Rob Clark, the dean of the Edmund A. Hajim School of Engineering and Applied Sciences, is not able to devote as much of his time to teaching as most faculty. But there’s one engineering course he envisions offering at Rochester. The hook? Anybody could take it. Even students with no background in college-level math, and very little science.

That course is centered on the design of a loudspeaker.

“I think music is compelling to most people,” he says, and while speakers are made of simple components, “there’s some interesting science and engineering behind the design.”

At the large table at the center of his office in Lattimore Hall, Clark leans forward as he begins to describe just what can be accomplished in an entire course based on what appears to be a deceptively simple project.

“I can introduce electrical engineering, mechanical engineering, materials science, and optics. I can do all of that in one class.”

And as students build their own set of speakers, play them, and test them, Clark says, “they’ll see that things you build don’t always match what you predict.”

In an office two doors down from Clark’s, Lisa Norwood ’86, ’95W (MS), pulls a pen out of her desk drawer.

Norwood, who earned a degree in geomechanics from the engineering school more than 20 years ago, and now serves the school as an assistant dean of undergraduate studies and director of the Women in Science and Engineering program, unscrews the “big old fat pen,” as she calls it, and exposes a USB port.

People watching CNN’s coverage of the protests following the Iranian presidential election in June might recognize Norwood’s pen as similar to the spy pens that the network sent into Iran. Using such devices—which also contained tiny video cameras and voice recorders (which Norwood’s pen lacks)—ordinary Iranians photographed and recorded images and conversations on the streets, uploaded them onto computers, and transmitted them around the globe.

But who would think to build such a device? Many people, Norwood says, might look at the disassembled pen and think, “Why the heck would you have a USB port in a pen? If you’re going to be working on a computer, you wouldn’t be writing, and if you were writing, you wouldn’t have any need for a computer.”

But engineers are trained to ask, “Can you imagine what you could do with this?”

Imagining the engineering school of the 21st century is one of the goals of a new initiative at the newly renamed Edmund A. Hajim School of Engineering and Applied Sciences. Coming off its 50th anniversary year and under the direction of a new dean, faculty and administrators at the Hajim School are poised to become leaders of a fledgling movement among engineering educators. The primary aim is to make the rarified concepts of engineering accessible to a much wider population.

mottley and norwood ENGINEERING TEAM: Jack Mottley, a professor of electrical and computer engineering (left), and Lisa Norwood ’86, ’95W (MS), an assistant dean for undergraduate studies in engineering, are helping explore ways to improve the education of Rochester’s engineering students. (Photo: Richard Baker)

Creative problem solving, often with important social consequences, is what engineering is all about. Yet for decades, engineers have worked far from the public eye, cast in a variety of unflattering stereotypes—“the pocket-protector-carrying Dilberts of the world,” says Clark.

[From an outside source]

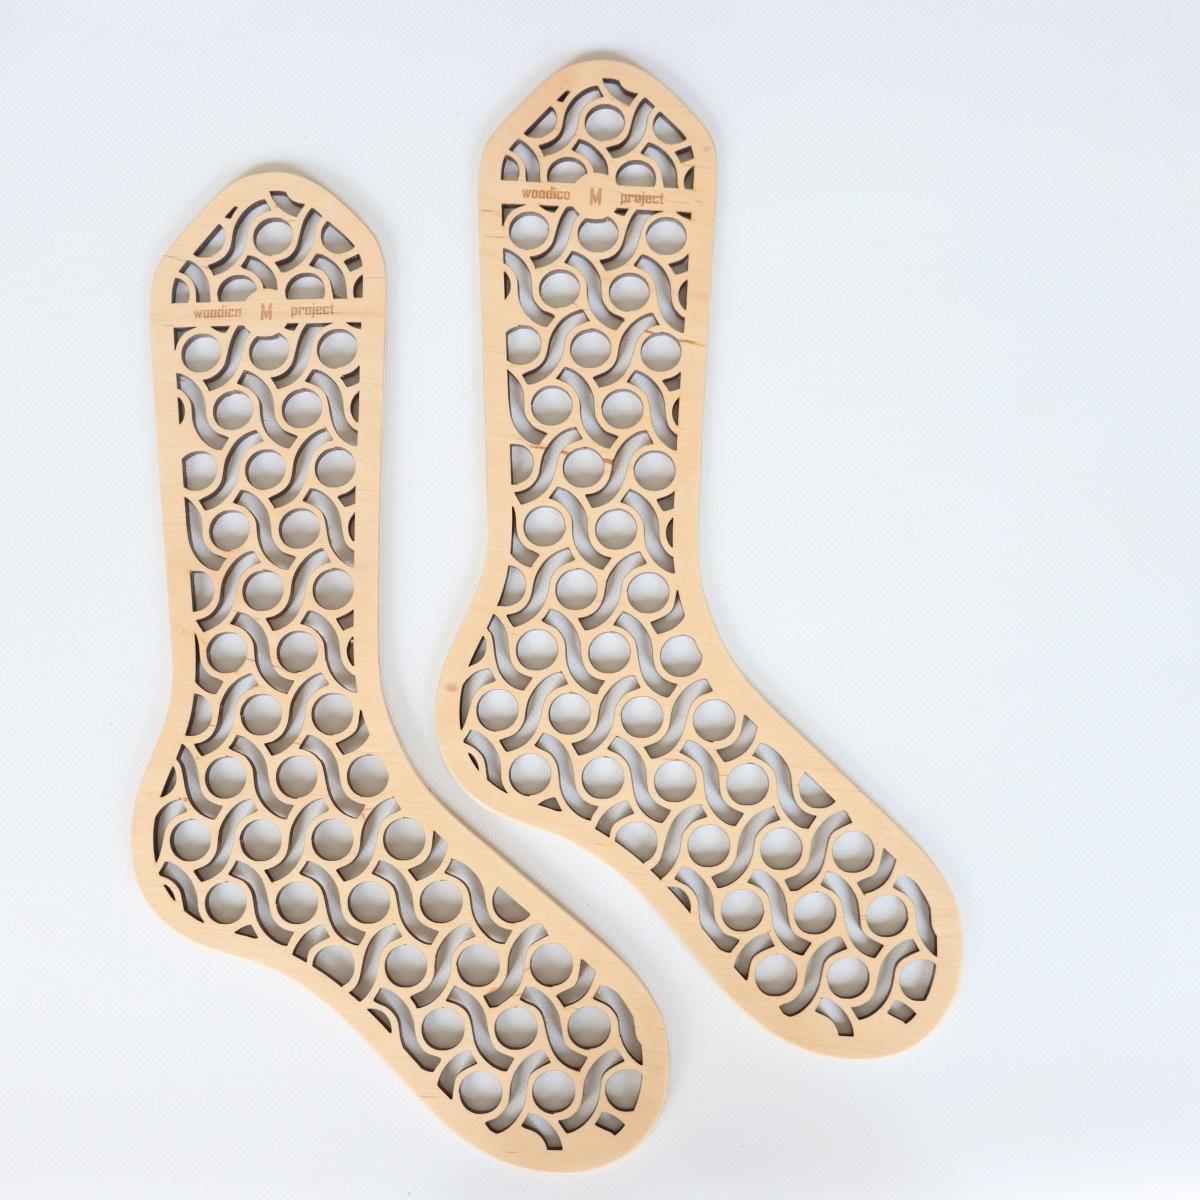 woodico.pro wooden sock blockers pasta 1 1200x1200 - Wooden sock blockers / Pasta

Engineers are known far more for their special skills at working equations than for their attention to social concerns. And their sense of fashion, according to similar stereotypes, would hardly place them in the same category as the artists or sculptors who, Clark says, share a similarity with engineers in their penchant for creative thought and innovative design.

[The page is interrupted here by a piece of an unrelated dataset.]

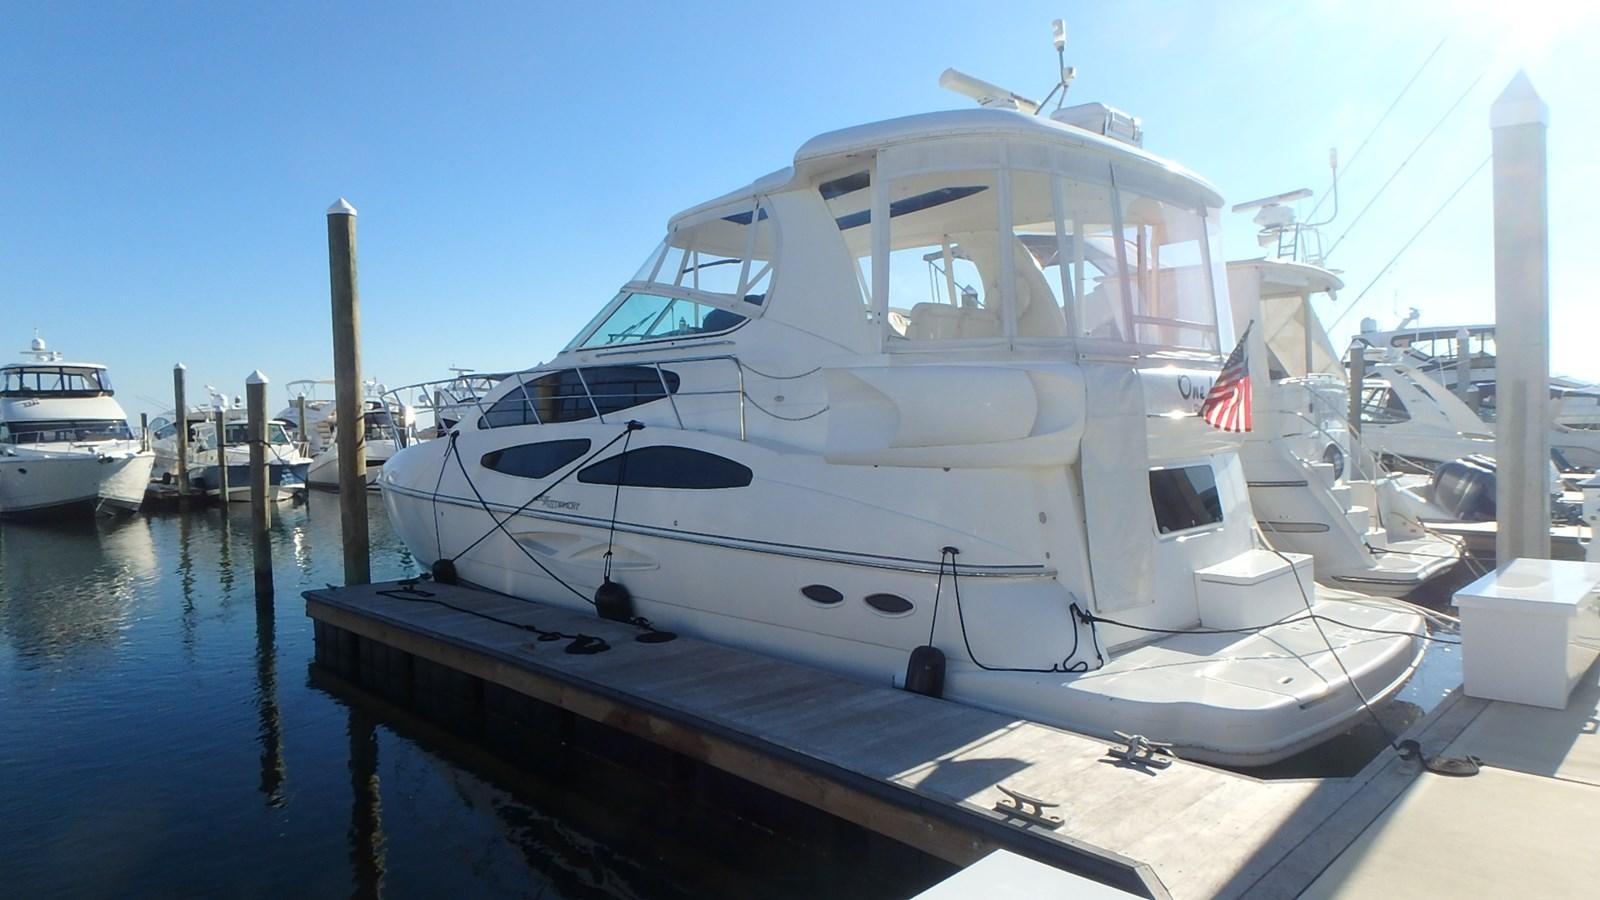 P1160981 2005 CRUISERS YACHTS 455 Express Motoryacht Motor Yacht 2522261

And yet in a society that reveres high-tech gadgets, and that faces environmental and health challenges that engineers are key to solving, surveys demonstrate that most Americans have little knowledge about what engineers do or of the basic scientific concepts on which their work is based.

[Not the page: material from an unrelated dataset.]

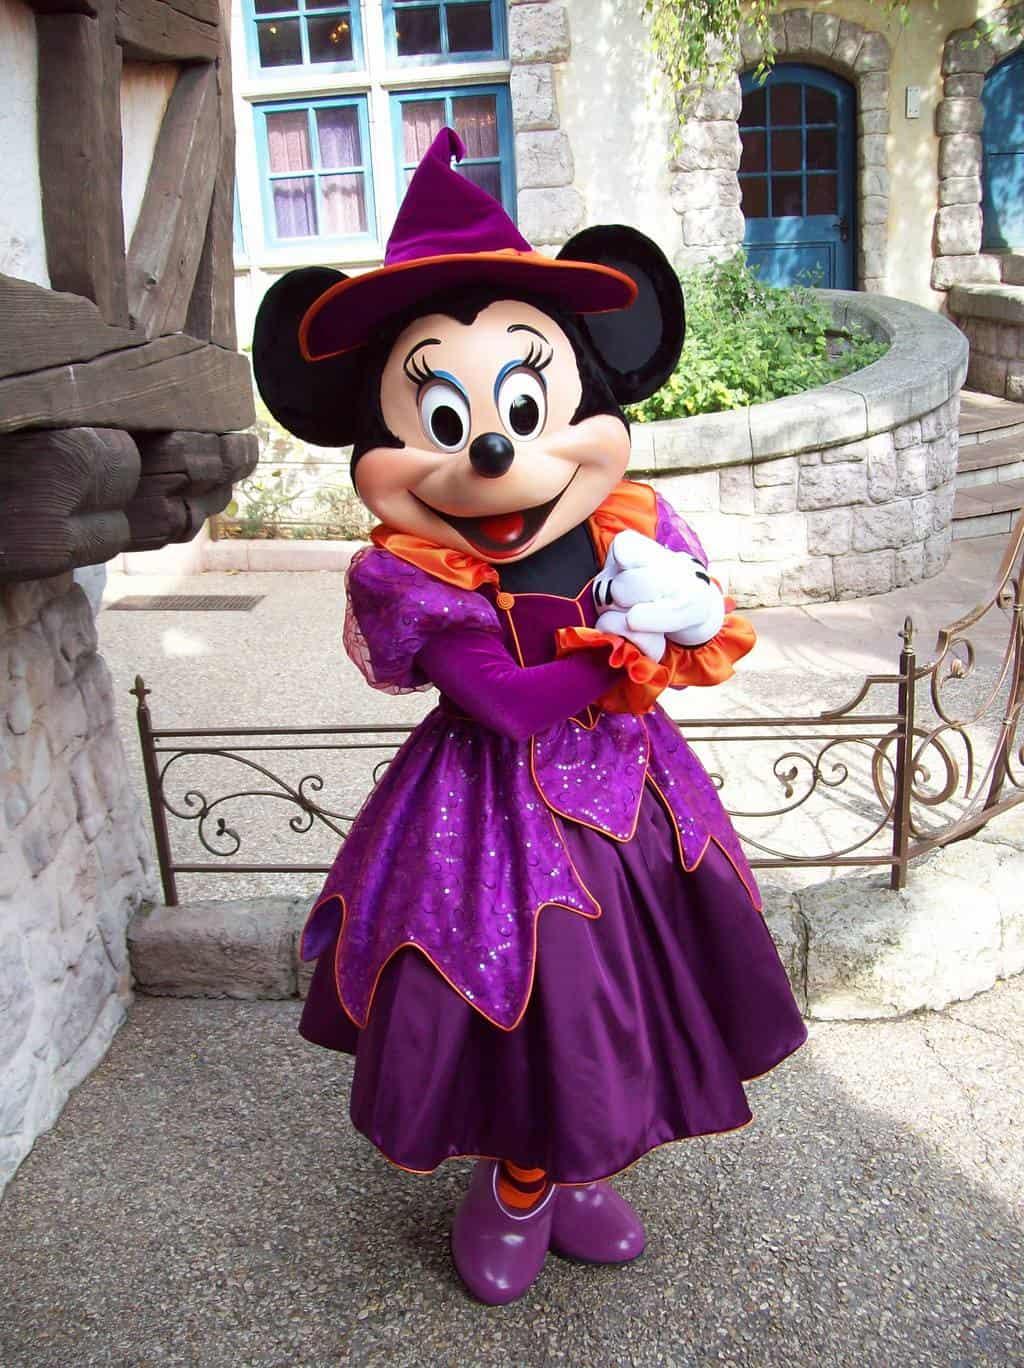 Minnie wearing her beautiful purple Halloween dress.

According to Clark, it is “the social responsibility of every engineering school in the country” to provide courses for students in the humanities and social sciences to gain technical literacy. After all, he says, technical problems facing the globe now—in procuring energy, water, or ensuring sustainability—“are problems people would be willing to fight over.”

Beginning last January, faculty representing each of the Hajim School’s six academic departments began meeting bimonthly in the first schoolwide curriculum review in more than 20 years. The purpose was twofold: To fulfill the mission of offering technical literacy to students outside the school and to improve the engineering education of its own students.

The review has broad support in Arts, Sciences, and Engineering. Richard Feldman, a professor of philosophy and dean of the College, says that devising technical courses is “a great idea, and it would fit well with the Rochester Curriculum.”

That curriculum, which is common to students in the Hajim School as well as the College, requires students to broaden their education by taking clusters of related courses in areas outside their major fields.

Tom Hsiang, the associate dean of undergraduate studies and professor of electrical and computer engineering who chairs the curriculum review committee, says the school starts from a strong position.

“Our professors have done a very good job of transferring the state-of-the-art, in the fields, into the classroom,” he says. “And we integrate really well with the liberal arts college setting,” an asset that technical schools such as MIT and Cal Tech, would not be able to claim, he adds.

But where the school has not been as strong, Hsiang says, is in “introducing engineering to our students.”

It is not only the scientifically averse who have little understanding of engineering. Often, beginning engineering students could benefit from a better understanding of the field.

“Students typically coming out of high school know science, know mathematics, but they have very little concept of what engineering is, let alone the individual disciplines in engineering,” says Hsiang.

Jack Mottley, a colleague of Hsiang’s in the Department of Electrical and Computer Engineering, agrees.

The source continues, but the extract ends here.